The set of principles drawn up by the Consultative Council of European Prosecutors (CCPE) in the so-called Charter of Rome leads one to ponder over the status and organisation of the Italian public prosecutor. Although this does confirm the hierarchical character of public prosecutors, it strongly emphasises that prosecutors are independent, autonomous and impartial, recognising in the essential role to ensure the rule of law. It states that “members of the Public Ministry help to ensure that the rule of law is ensured by the administration of an equitable justice that is impartial and efficient. Prosecutors act to respect and protect human rights and the fundamental right to freedom… “.
A necessary premise for the magistrate is to guarantee the European rule of law in order to have his independence and autonomy recognised, which “constitutes an indispensable corollary of the independence of the judiciary” parallel to what the Italian constitution establishes.
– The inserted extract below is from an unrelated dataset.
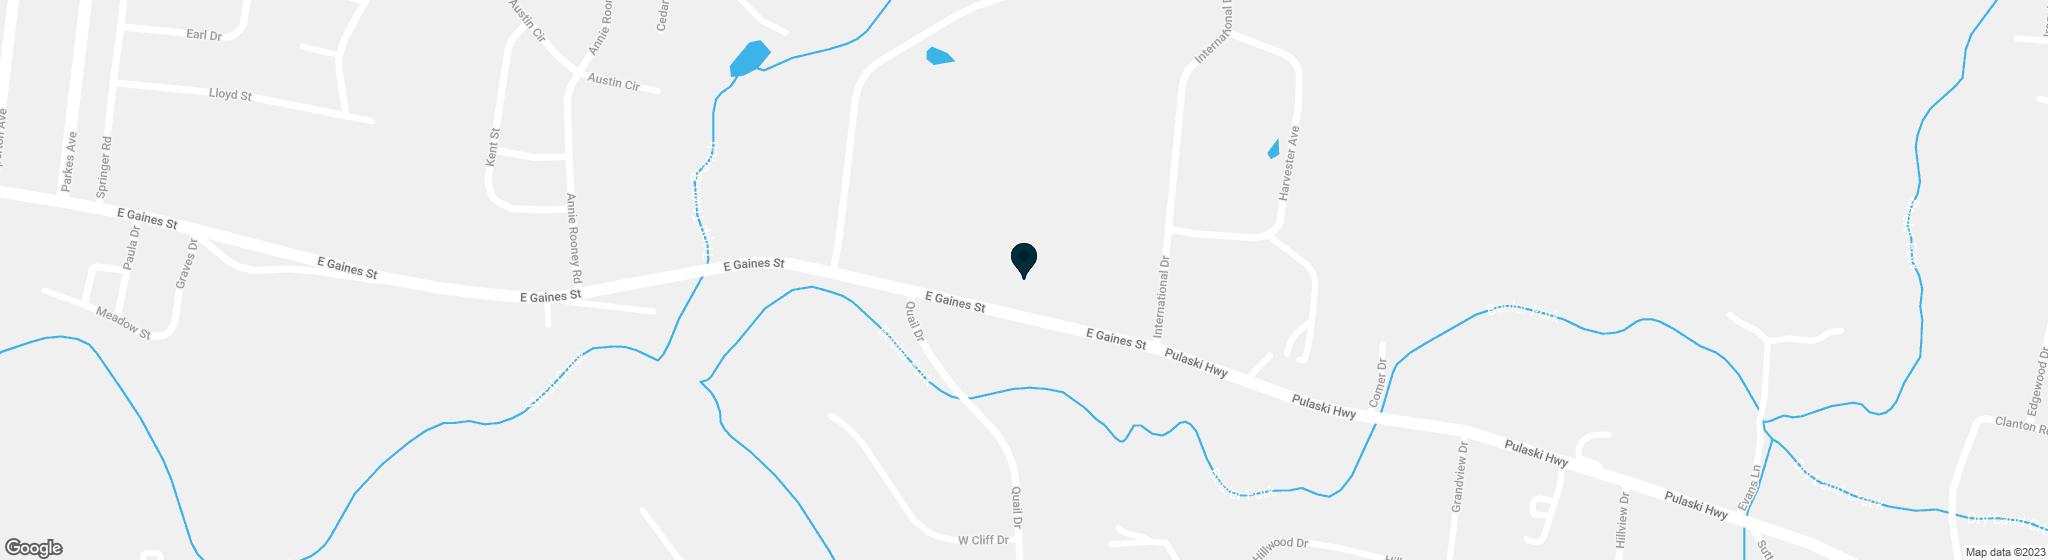 2180 E Gaines St Lawrenceburg TN 38464
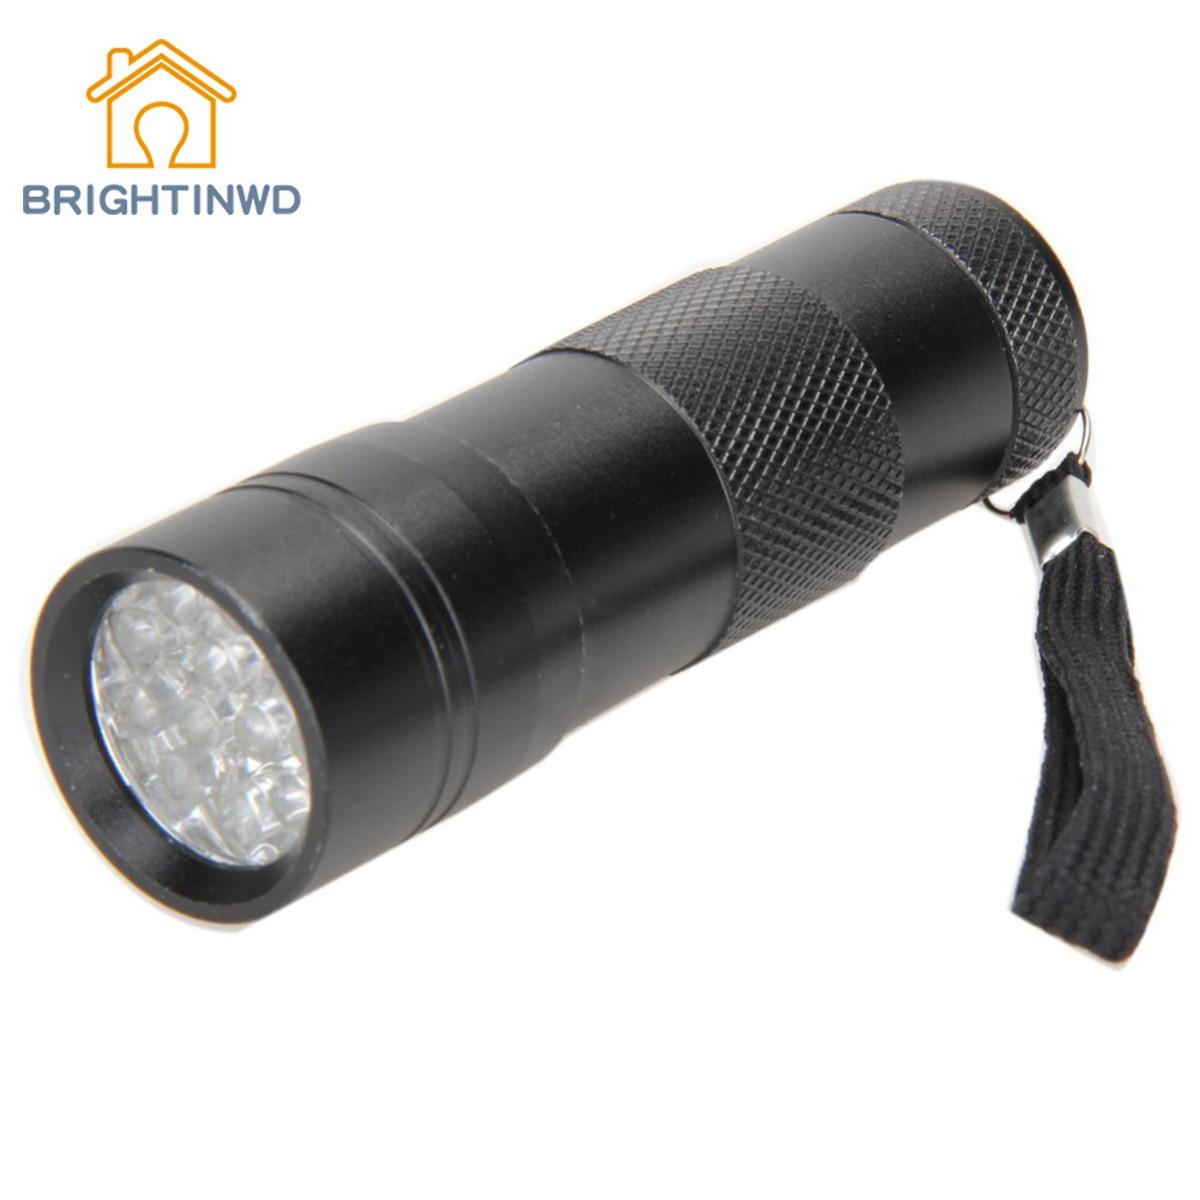 BRIGHTINWD 12 LED Mini UV Money Detector Ultra Violet Flashlight Torch Light Lamp ...

The vision of this body is in line with the legal process in which the attorney has primary functions of protecting the interest of the state, to respect the constitution and the law, and is devoted to the search for the truth through “findings based on facts and circumstances on behalf of the person under investigation” (art 358 c.p.p.).
But is this model of public prosecutor incompatible with the civil rights of every citizen, including state prosecuter, for it to descend into the political arena? In this regard, the Charter of Rome calls on prosecutors not only to be impartial but to appear as such refraining “from political activities regarded incompatible with the principle of impartiality”.
The principle prescribed as the basis in Italian law is in harmony with this principle in the decree art. 8 No. 361/d.P.R 1957 which prescribes that ” magistrates who were candidates and were not elected cannot exercise for a period of five years, their functions in the constituency where elections were held.” The logic is that he who has expressed his political positions during an election campaign, should return back to offering his services in the constituency where he was a candidate.
The secondary CSM standardisation (circular No. 12046/09 successive mod.) does not include the general obligation for the prosecuter to change his functions as Prosecutor to judge after returning to the role in the case of a non-election, but only when the application is made in performance of duties. This expresses the need to prevent the magistrate from risks of excessive overexposure and potentially tarnishes the his image of independence and third party status.
The Charter of Rome, however, goes even further, outlining the public prosecutor’s role as office manager, who, being in charge should ensure “efficiency, speed and working judicial system” he should also be able to manage resources (personnel, technologies, financial budget) that are at his disposal.
The claim that the Prosecutor should be able to negotiate his own budget and decide how to transparently use the funds appropriately “is not usual in our legal system where the management of financial resources would rather be associated with the role of a judge with management competences, a role that is still not culturally accepted.
In conclusion, it may become clear that the Charter of Rome, albeit taking the hierarchical organisational framework of the public prosecutor, fosters its independence and autonomy, in full harmony with the Italian Constitution, suggesting, under the European perspective, a model similar to the Italian, which is organised in the protection of fundamental rights of the individual.